Work instructions:
Print the data below again in full, exactly as it stands, with no images.

Provided data:

• • •

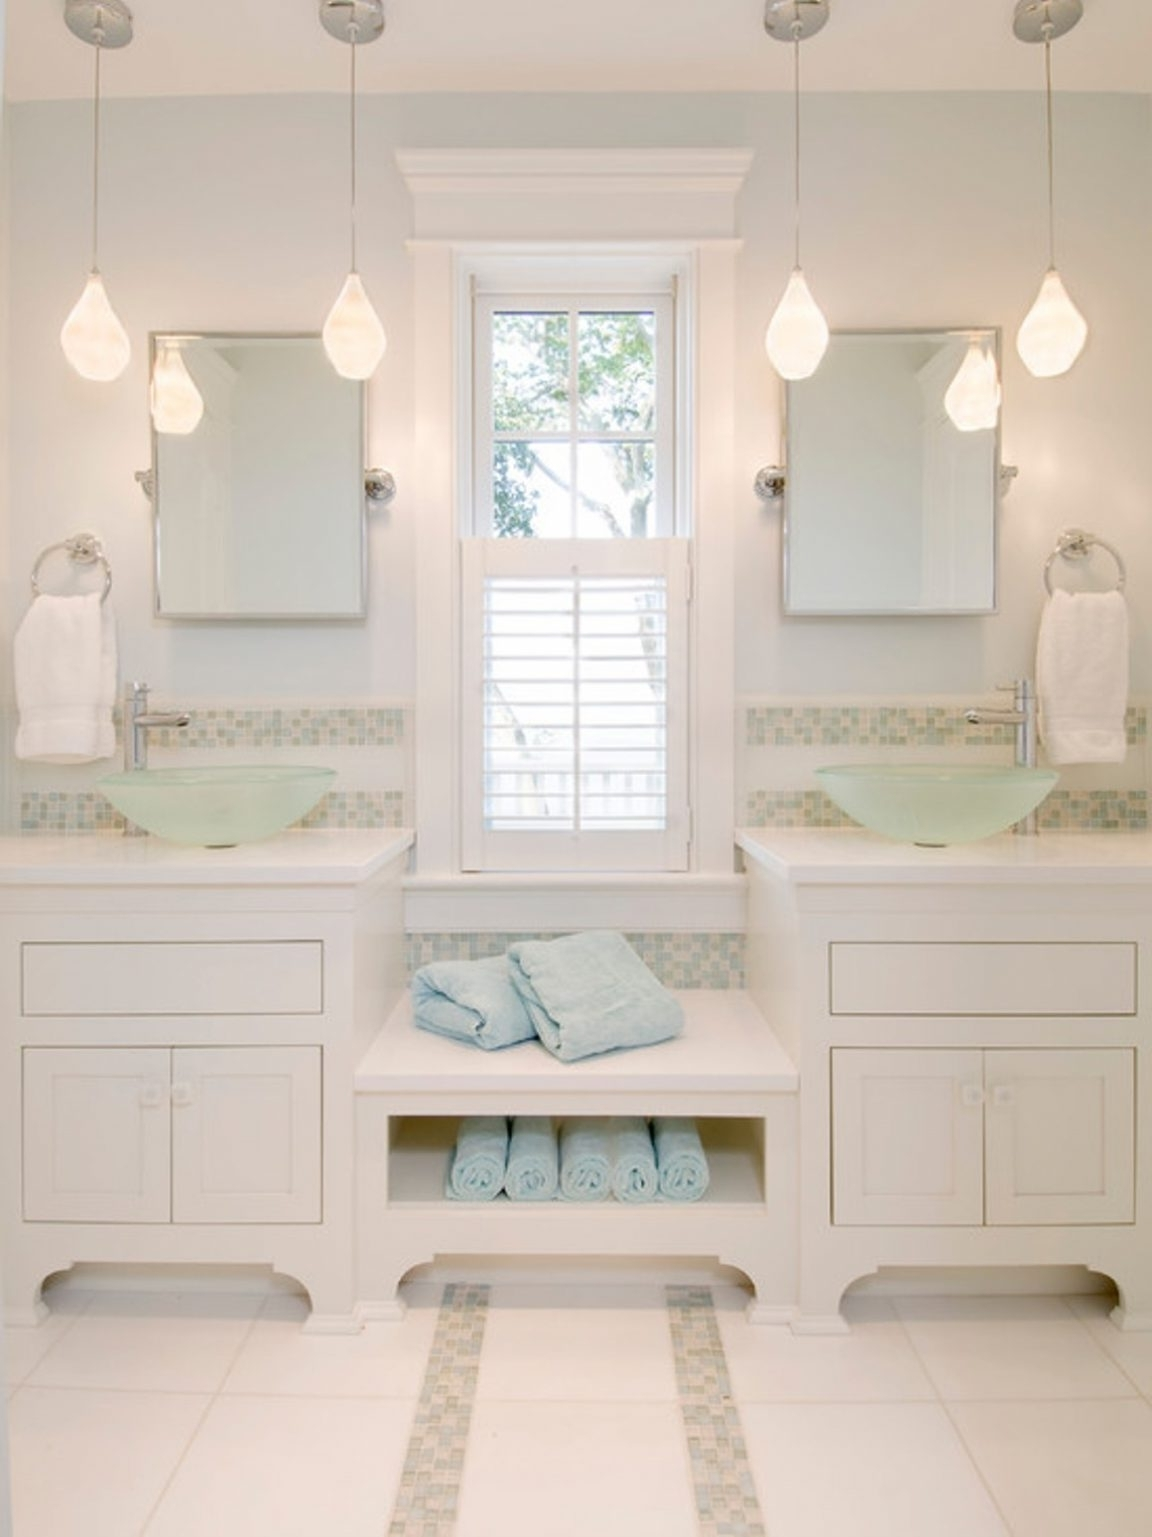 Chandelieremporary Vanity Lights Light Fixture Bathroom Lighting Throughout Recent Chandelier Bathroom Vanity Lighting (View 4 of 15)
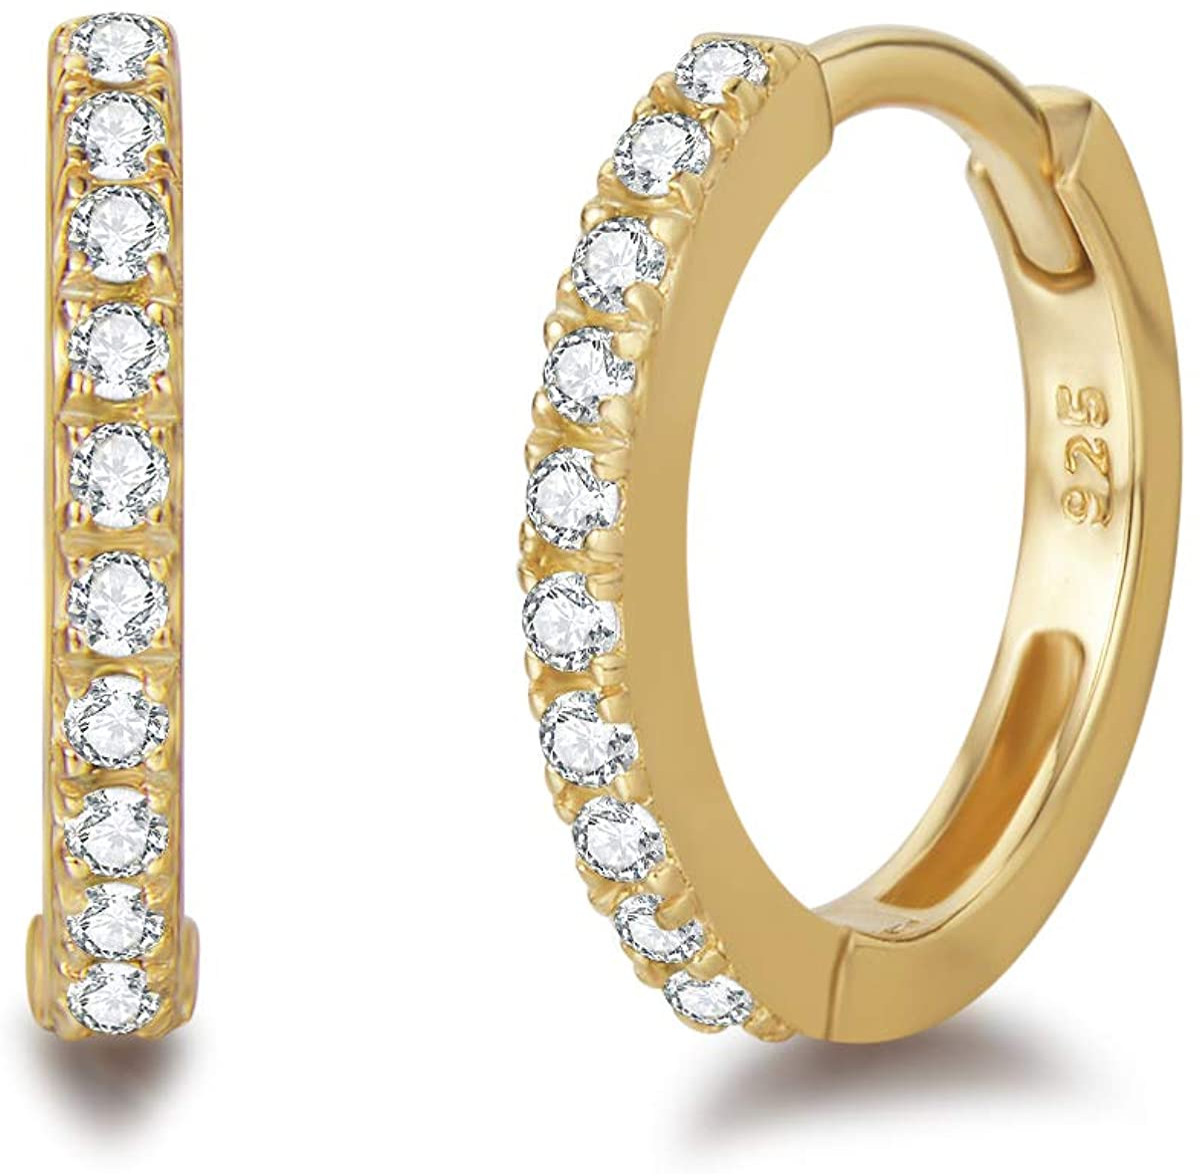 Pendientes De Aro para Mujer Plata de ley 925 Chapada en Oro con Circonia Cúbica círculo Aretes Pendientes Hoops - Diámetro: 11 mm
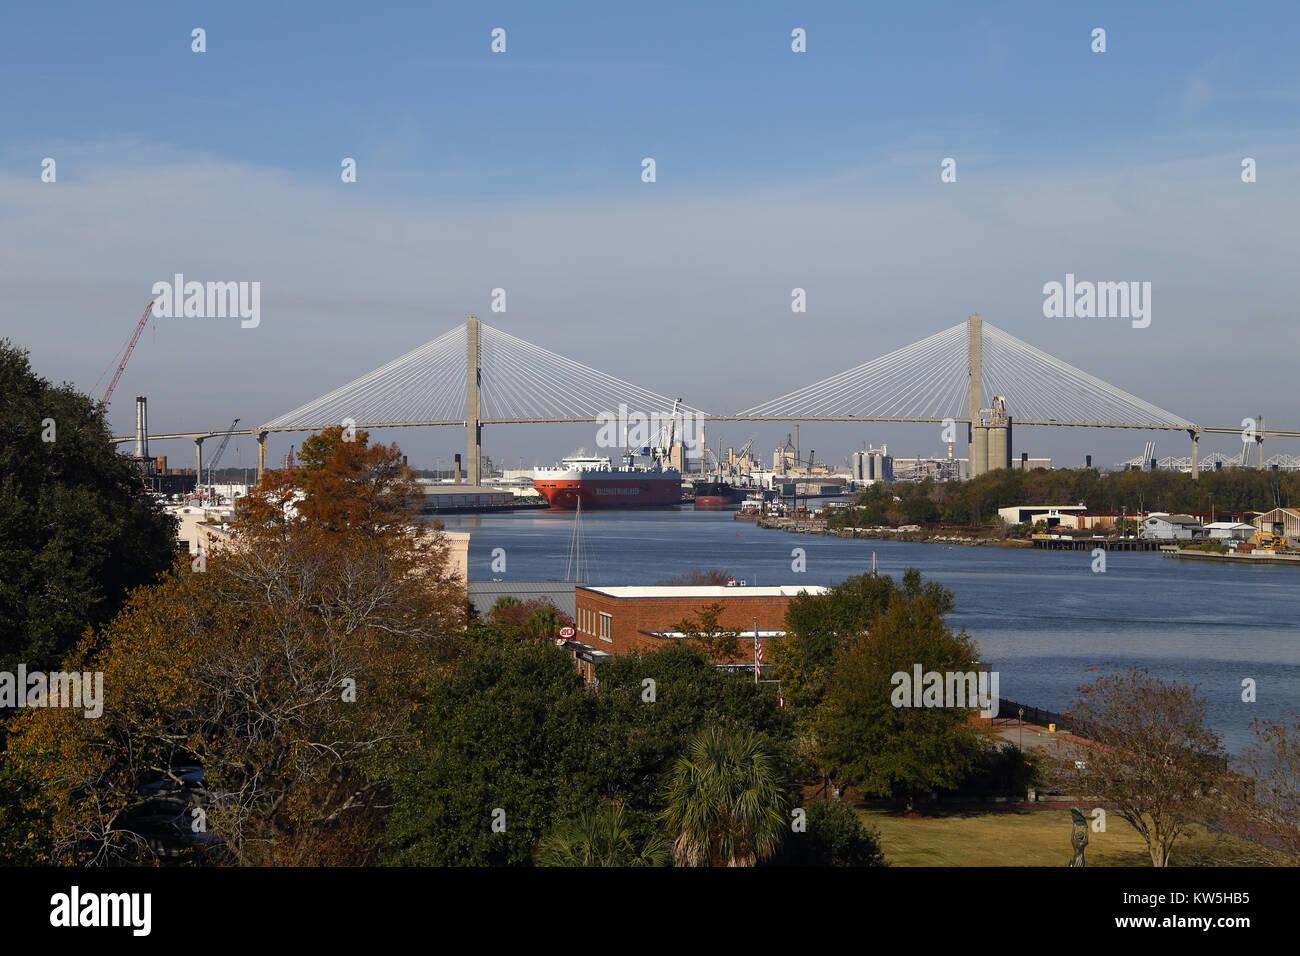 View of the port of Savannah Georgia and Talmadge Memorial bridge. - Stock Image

• • •

Problem solution:
 Chandelieremporary Vanity Lights Light Fixture Bathroom Lighting Throughout Recent Chandelier Bathroom Vanity Lighting (View 4 of 15)
 Pendientes De Aro para Mujer Plata de ley 925 Chapada en Oro con Circonia Cúbica círculo Aretes Pendientes Hoops - Diámetro: 11 mm
 View of the port of Savannah Georgia and Talmadge Memorial bridge. - Stock Image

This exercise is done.